### Problem description
Pictures aside, print all of the data below exactly as written.

### Provided data
*****

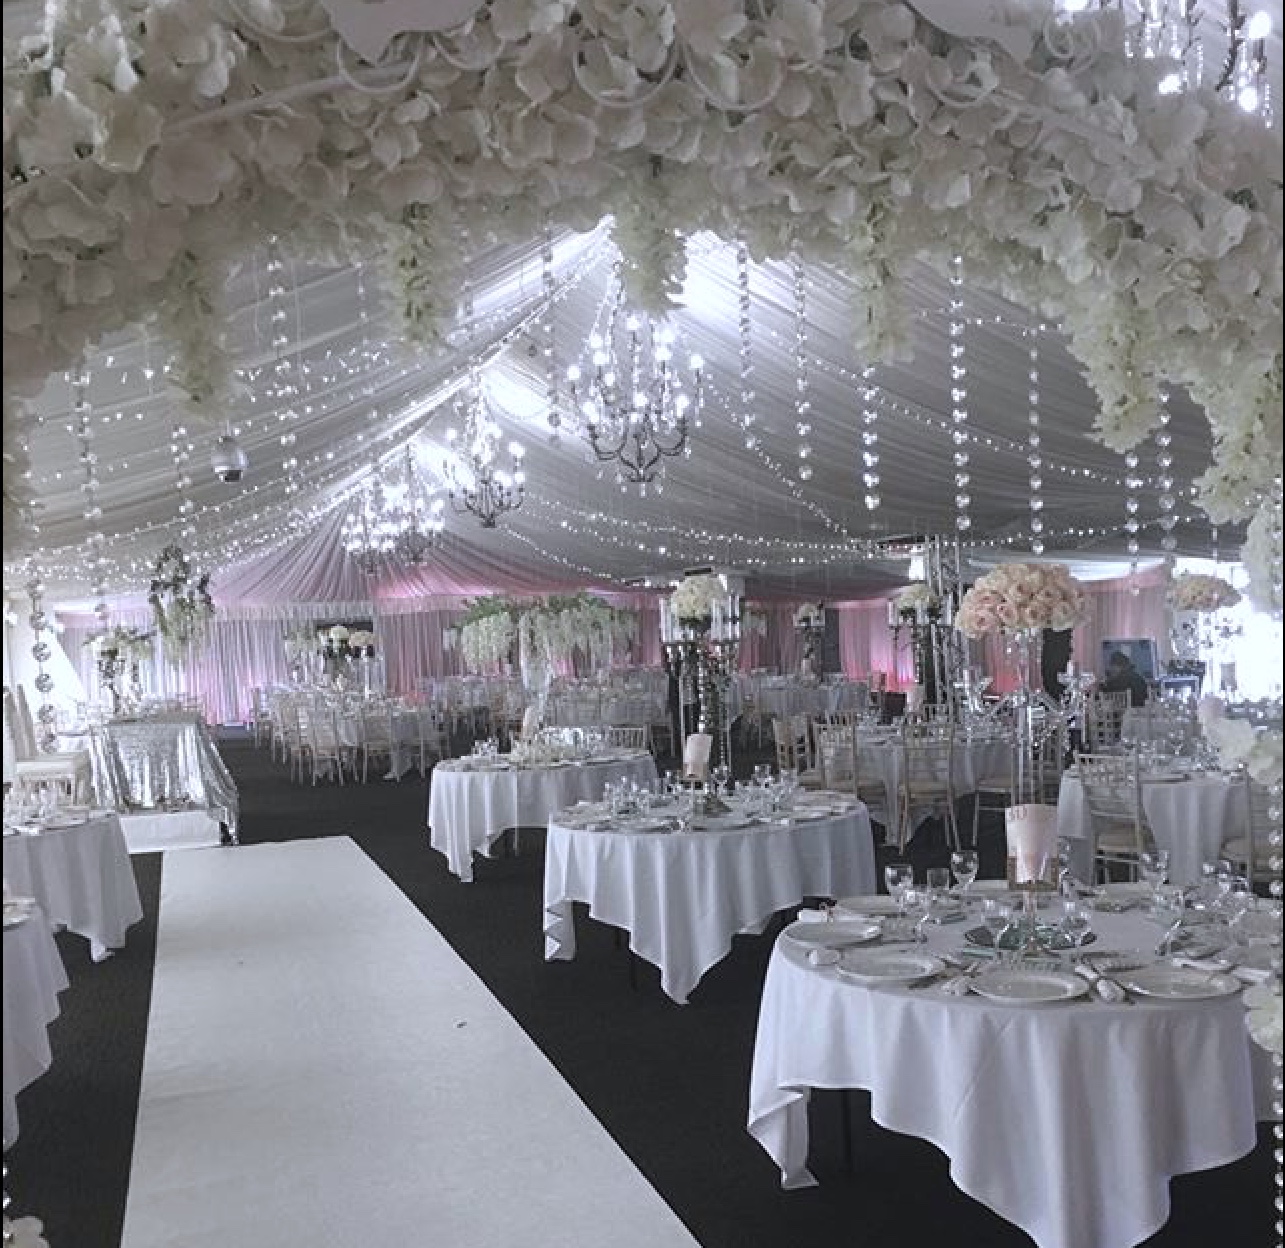  Floral wedding arch
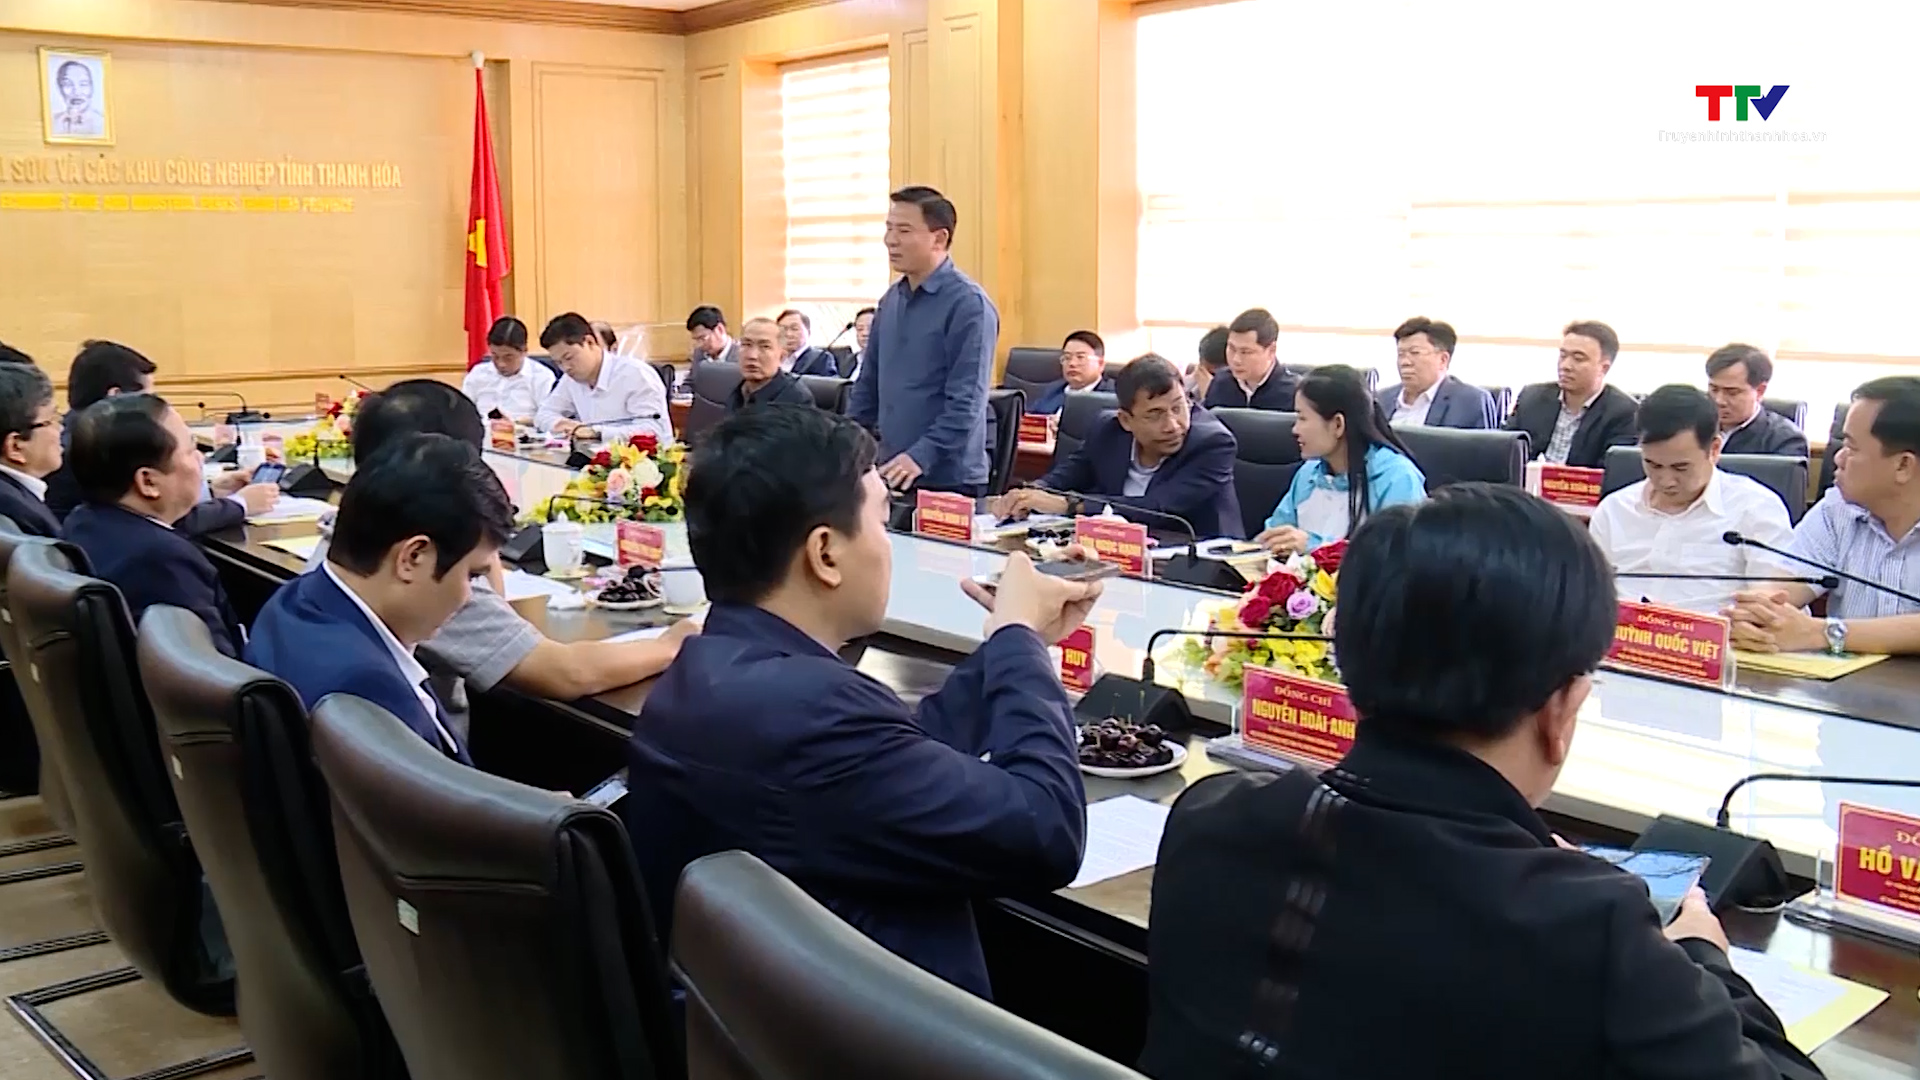 Đoàn công tác Học viện chính trị Quốc gia Hồ Chí Minh nghiên cứu, khảo sát thực tế tại Thanh Hóa - Ảnh 5.
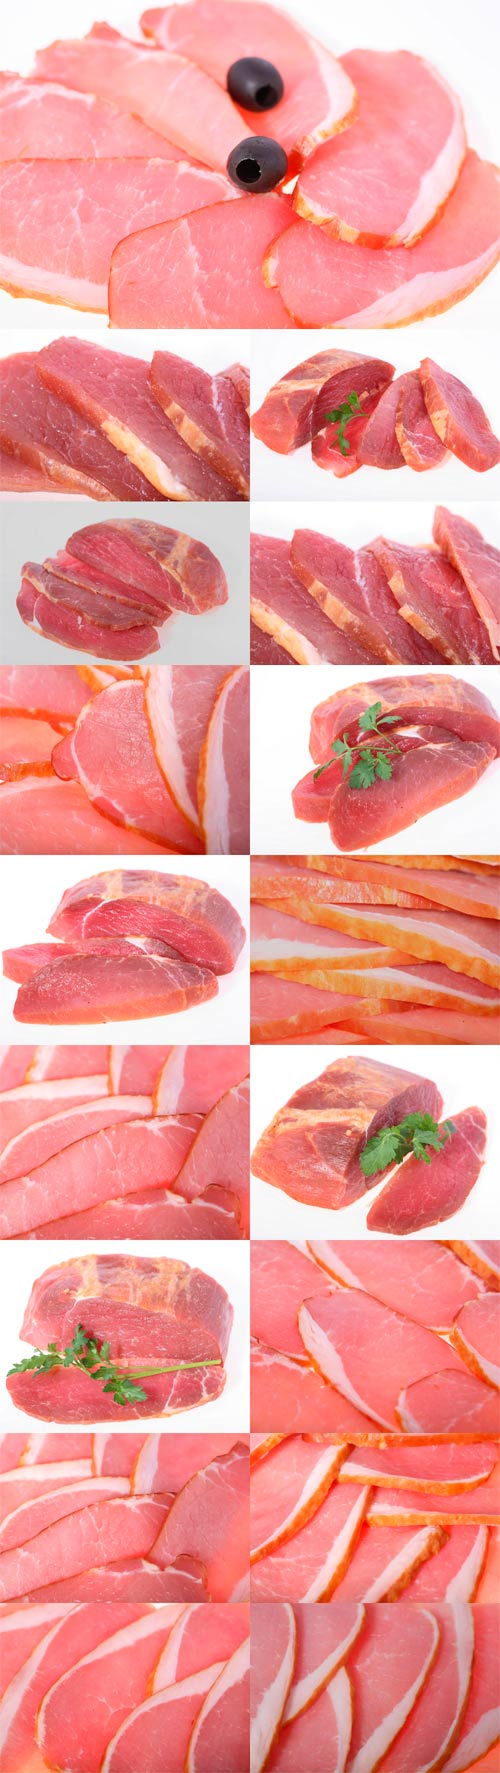 Cutting fresh raw meat

*****

### Written response
  Floral wedding arch
 Đoàn công tác Học viện chính trị Quốc gia Hồ Chí Minh nghiên cứu, khảo sát thực tế tại Thanh Hóa - Ảnh 5.
 Cutting fresh raw meat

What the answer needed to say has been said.